Why are you feeding the prorposal region again through the encoder?

pfjaeger commented 6 years ago

Hi,

i was wondering what the benefit is of feeding the proposed region of the input image again through the encoder to the 3rd layer (where x/y = 24/24). These exact features have been computed in the first pass and you could crop the respective region in the feature map out using the normalized proposal coordinates. You could go straight to the 2x2x2 max pooling layer.

Or am i getting something wrong? Thanks for your answer!

lfz commented 6 years ago

Theoretically, it is absolutely feasible, but consider that the feature will change from epoch to epoch (since the w of conv layers has been changed), so you have to extract feature again and again during tarining. It is time consuming if we use the method you mentioned.

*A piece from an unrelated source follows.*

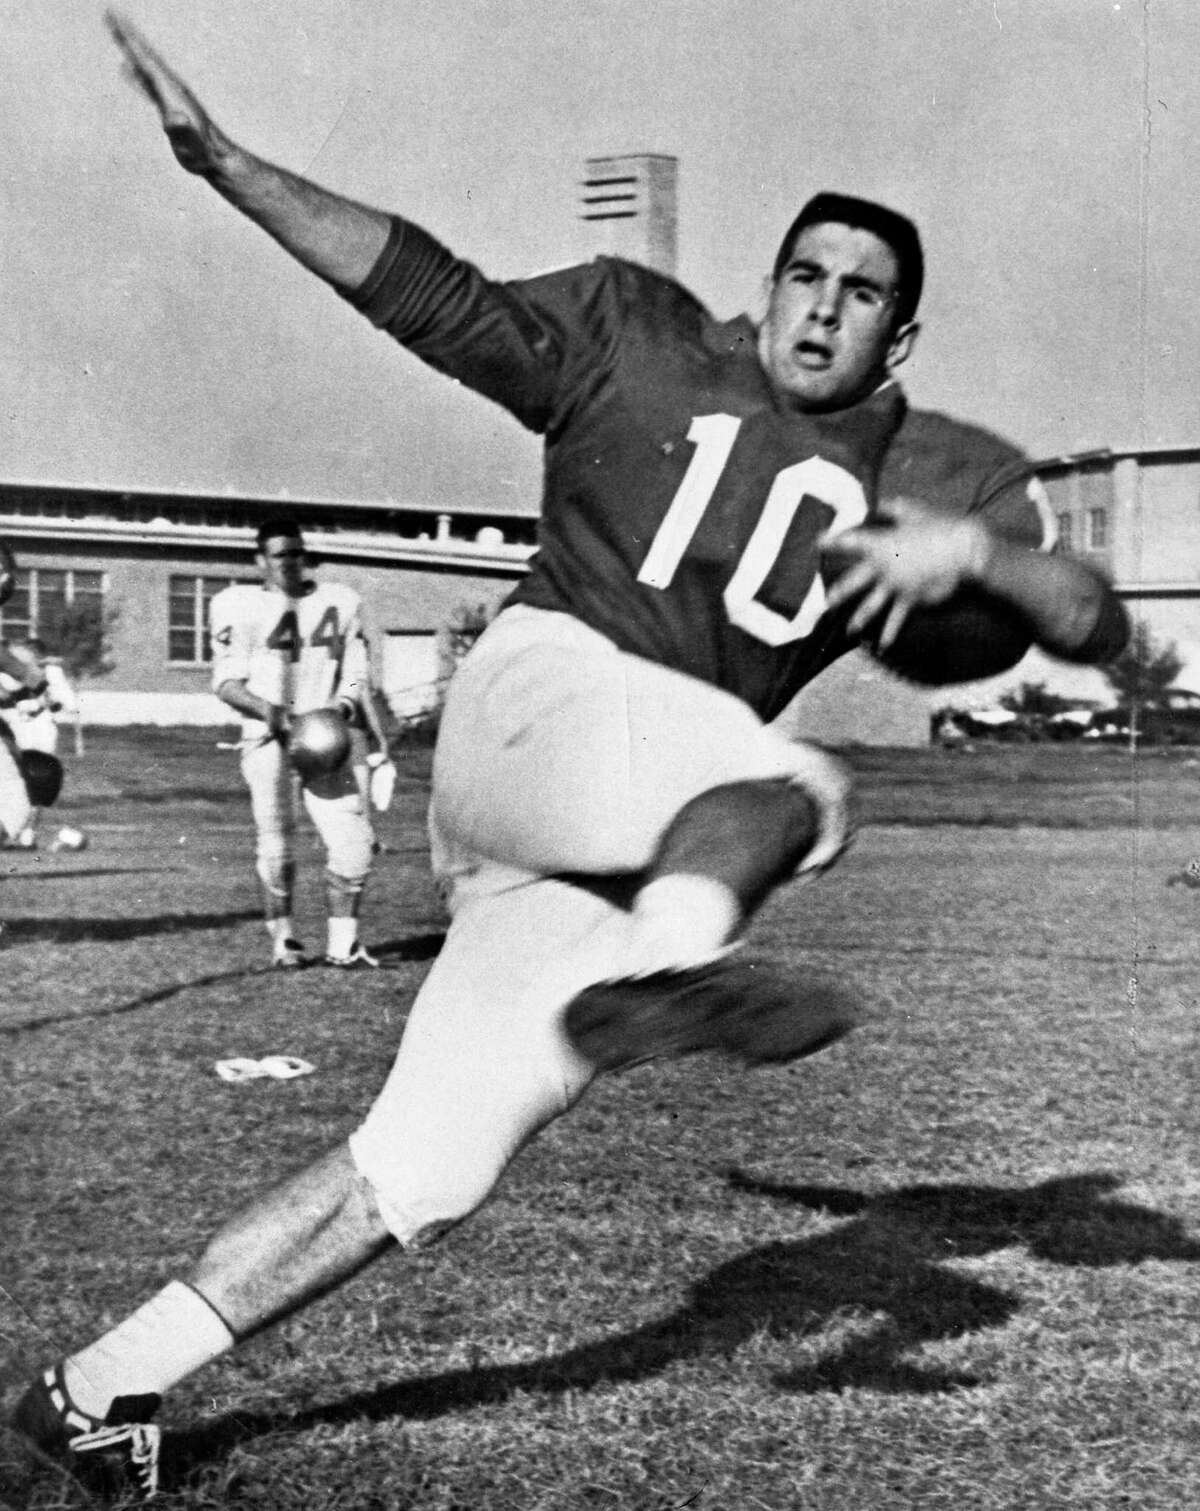 1960s LINUS BAER, LEE HIGH SCHOOL FOOTBALL HALFBACK FROM THE 1960s. PHOTO COURTESY OF LINUS BAER

I choose to store the coordinate during the first pass, and extract feature from a small patch around it (96x96x96). So that the computation during feature extraction is very low.

2018-03-20 21:34 GMT+08:00 Paul Jaeger notifications@github.com:

Hi,

i was wondering what the benefit is of feeding the proposed region of the input image again through the encoder to the 3rd layer (where x/y = 24/24). These exact features have been computed in the first pass and you could crop the respective region in the feature map out using the normalized proposal coordinates. You could go straight to the 2x2x2 max pooling layer.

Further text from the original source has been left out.